As I noted in yesterday’s post, I have been intrigued by Microsoft’s approach to Azure Stack. I took a lot of notes during sessions and conversations at Ignite and so I decided to list them out in a new post. For those that are unfamiliar with Azure Stack, then I would suggest this whitepaper as a starting point. 

In a nutshell, Azure Stack is Microsoft’s hyper-converged integrated system for flexible service delivery using Azure based management and automation. It’s Microsoft’s cloud in a box using Azure’s framework to ultimately Keep a consistent experience. Keep in mind this product is not GA yet, so anything I state below may or may not come to fruition. 

Availability: 
Microsoft at Ignite 2016, announced the 2nd technical preview of Azure Stack, with general availability expected in the second half of 2017. I also heard an expectation of TP3 during the 1st quarter of 2017. 
Currently Azure Stack offers IaaS but later this month Microsoft plans to release an update where Microsoft’s PaaS “App Service Resource Provider” will be available on Azure Stack TP2. 
 

Architecture: 
•    Built on top of Server 2016 Server Core, (Nano Server will be supported in the future) However, TP2 is currently using Server 2012 R2 Server Core. 
•    Hyper-Converged Deployment model with a pair of ToR switches and a BMC switch to manage the server integrated stack. 
•    Hyper-V is sealed under Azure Stack, only access to Hyper-V is from API. 
•    Windows Server Failover Clustering is used along with Storage Spaces Direct. 
•    Minimum Resource Req.: Dual Socket, 8 cores per socket. 256GB memory. 
•    RDMA will be supported - converged NIC: SDN + Storage, or use two 10Gb nics, with switch-embedded teaming for port link residency.  
•    Storage Protocol Support: CSVRFS with ReFS, SMB3, SMB Direct, SATA, SAS, NVMe
•    Multi-Resilient Volume: writes are mirrored for performance then as the data gets cold it will then write a large chunk to parity for a balanced approach of performance and capacity. 

Caching Capabilities:
•    All writes up to 256kb are cached. 
•    Reads of 64kb or less are cached on first miss. 
•    Reads of 64kb + are cached on second miss.  
•    Writes are de-staged to HDD in a optimal order. 
•    Sequential reads of 32 + KB are not cached. 
•    In an All Flash System, only Writes are cached
•    Min. req.: 2 cache devices with Min. req.: 4 capacity devices  
 

Integrated Stack:
I heard a lot of people say that they didn’t like the direction of an integrated system requirement for Azure Stack. The belief is that it will lock them into a hardware vendor that may not provide enough flexibility or choice. I attended a few sessions where Microsoft heard this feedback loud and clear, and so it was stated that the current plan is to continue and partner with Dell, HPE, Lenovo to provide the hardware for a complete certified Azure Stack integrated system. It’s after this, where Microsoft hopes additional testing and assurance can be made on a defined HCL, Microsoft hopes to offer Azure Stack as a production ready software solution for a wider array of hardware platforms. I personally had hoped for a software only solution, but I do see why an integrated system will allow Microsoft to control the experience and deliver on the expected promises. I just hope that the integrated system is not priced out of reach of most customers, as we have seen similar examples of this in the past! 
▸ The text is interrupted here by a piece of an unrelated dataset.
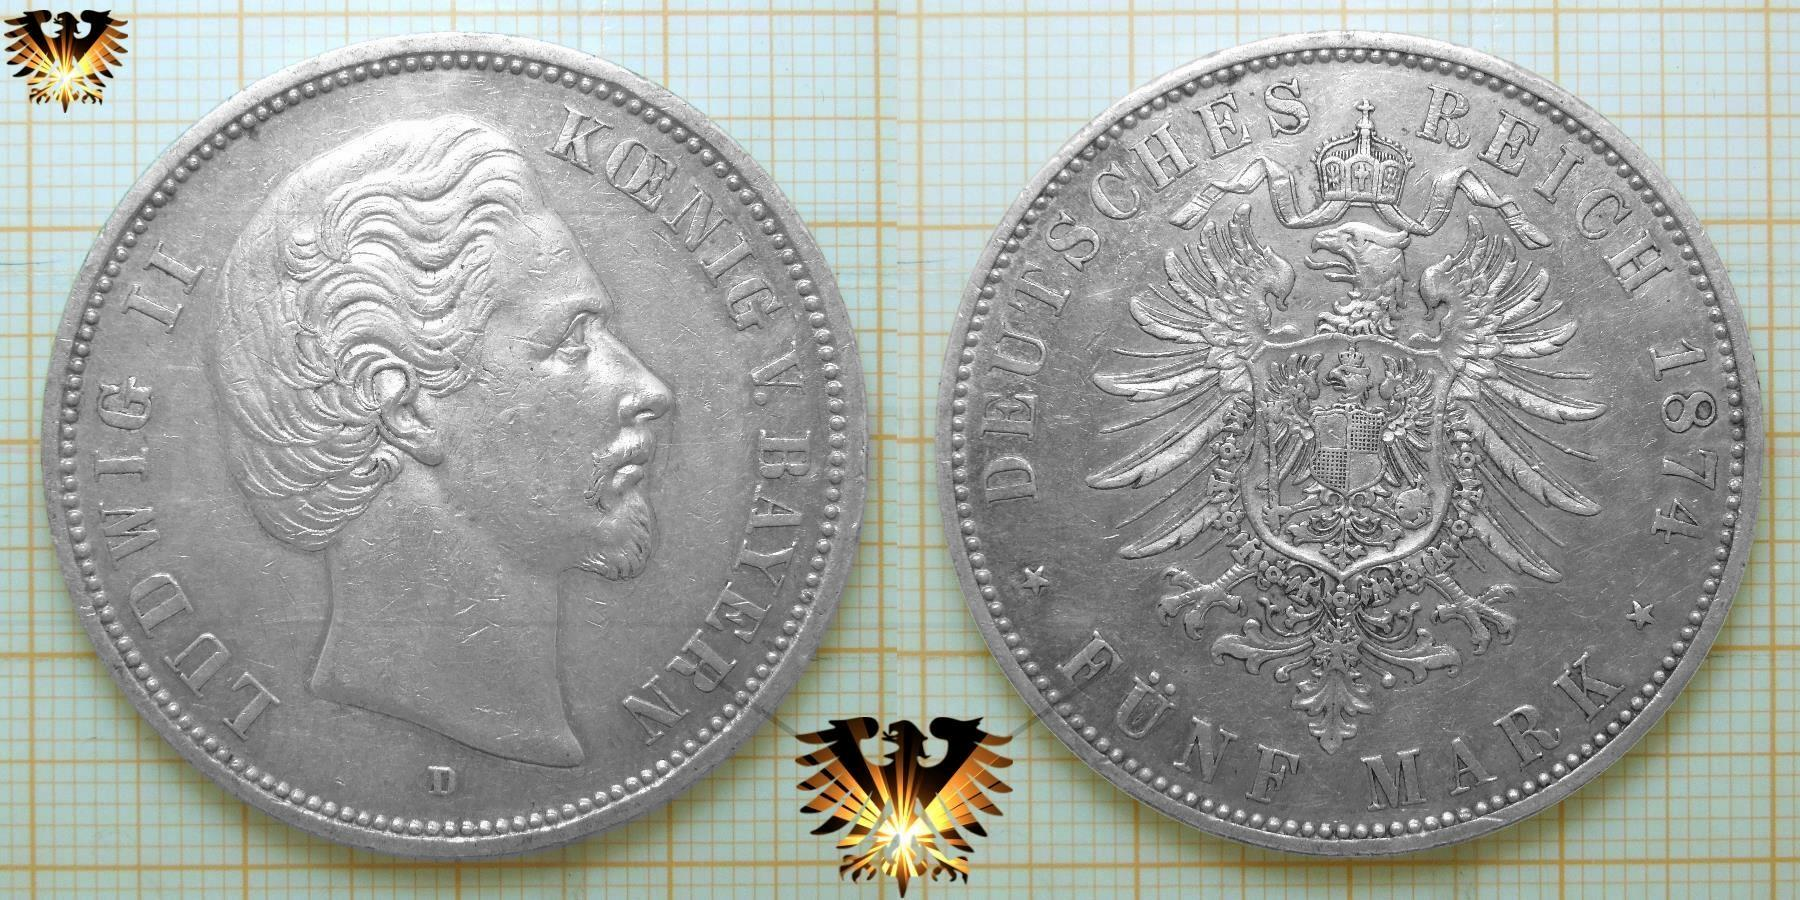 Bayern Silbermünze 2 Mark 1883 D König Ludwig Ii Aus Bayern

An Integrated System is part of what Microsoft calls a Scale Unit. Each Scale unit must include homogenous hardware; however separate scale units can be heterogeneous hardware. Each scale unit must include at least 4 Azure Stack nodes, with one node dedicated for patch and updates. Each scale unit must also include the items in this list. 

•    A pair of ToR Switches for availability and internal networking. 
•    One BMC switch for hardware management
•    An Aggregate switch for external connections

Each scale unit is part of one region, (same physical location), multiple scale units can be part of the same region as well and so are part of the same fault domain. 

The cool part is that you can designate your Azure Stack deployment as a region and in the future this could become part of Azure when deploying new workloads with the option of not only designating Azure regions but your own on-premises Azure Stack regions. 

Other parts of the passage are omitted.